Patients (N = 77) with suspected coronary artery disease were subjected to 2 CACS evaluations based on their Agatston, volume, and mass scores. One CACS evaluation was performed on images obtained with a 364-mA tube current and reconstructed with FBP; the other was performed on images obtained with a 73-mA tube current and reconstructed with hIR at iDose4. All scans were performed with the prospective electrocardiogram-triggered method using a 256-slice computed tomographic scanner (Brilliance iCT; Philips). We assessed agreement between calcium scores obtained with FBP and with IR using the percentage difference and Bland-Altman analysis.


The effective radiation doses for CACS at 80 mA s with FBP and at 16 mA s with IR were 1.20 and 0.24 mSv, respectively (k = 0.014).

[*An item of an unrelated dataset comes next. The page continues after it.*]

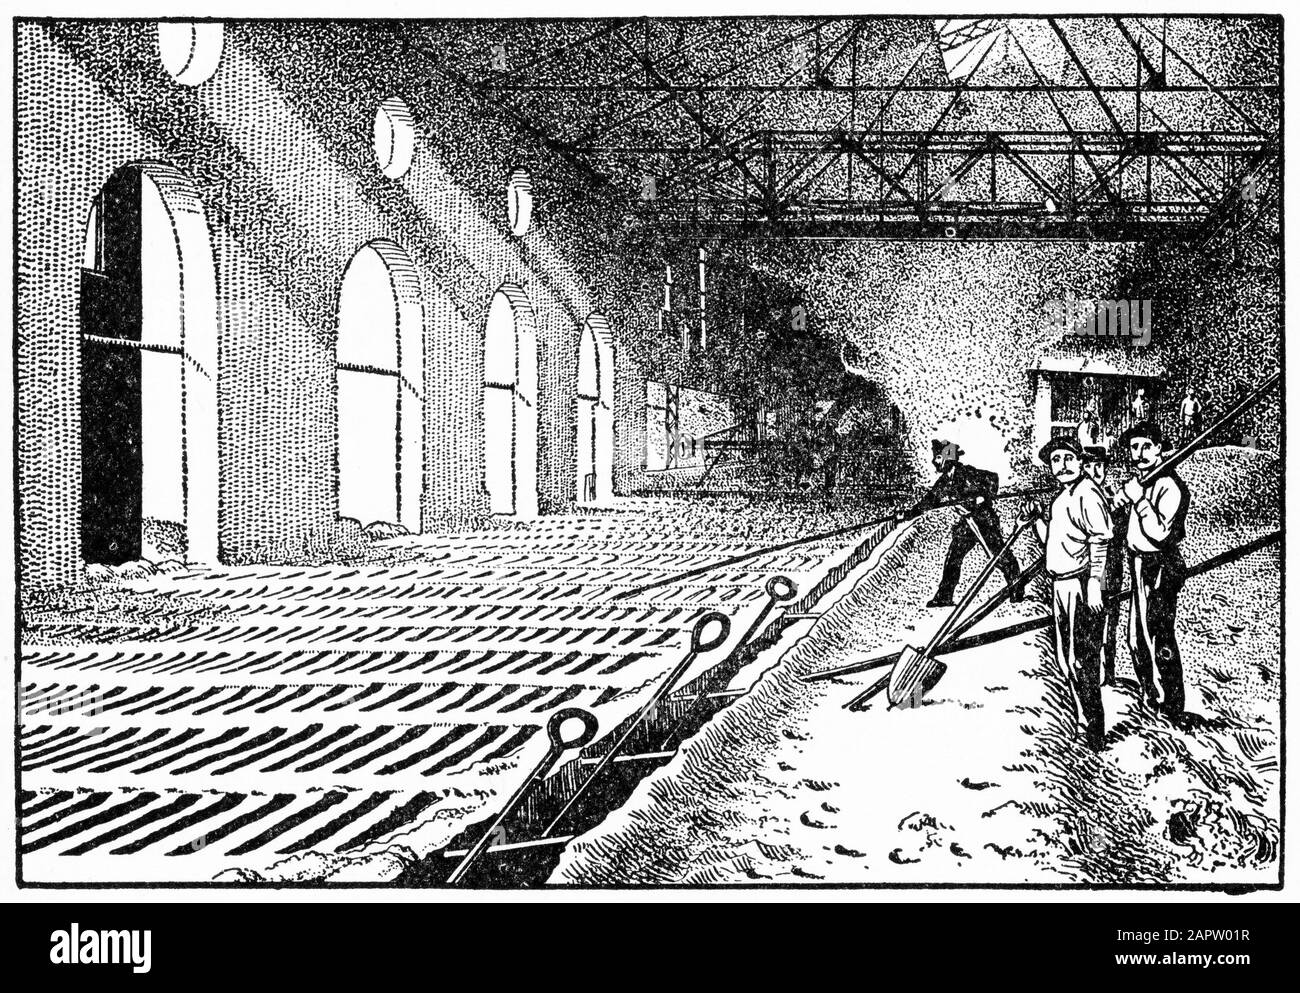 Gravur von Männern, die Roheisen in einer Gießerei gießen. Basierend auf einem Foto der Iroquois Schmelzerei, Chicago. Stockfoto

The mean Agatston, volume, and mass scores at 80 mA s with FBP as well as at 16 mA s with IR were 390.7, 146.5, and 63.2 as well as 377.7, 142.5, and 62.2, respectively. The percentage difference between FBP and hIR for the Agatston, volume, and mass score was 20.7%, 20.7%, and 27.1%, respectively. Bland-Altman analysis showed that there was no systemic bias.


The radiation dose for CACS can be reduced at a low tube current and hIR without affecting the calcium score.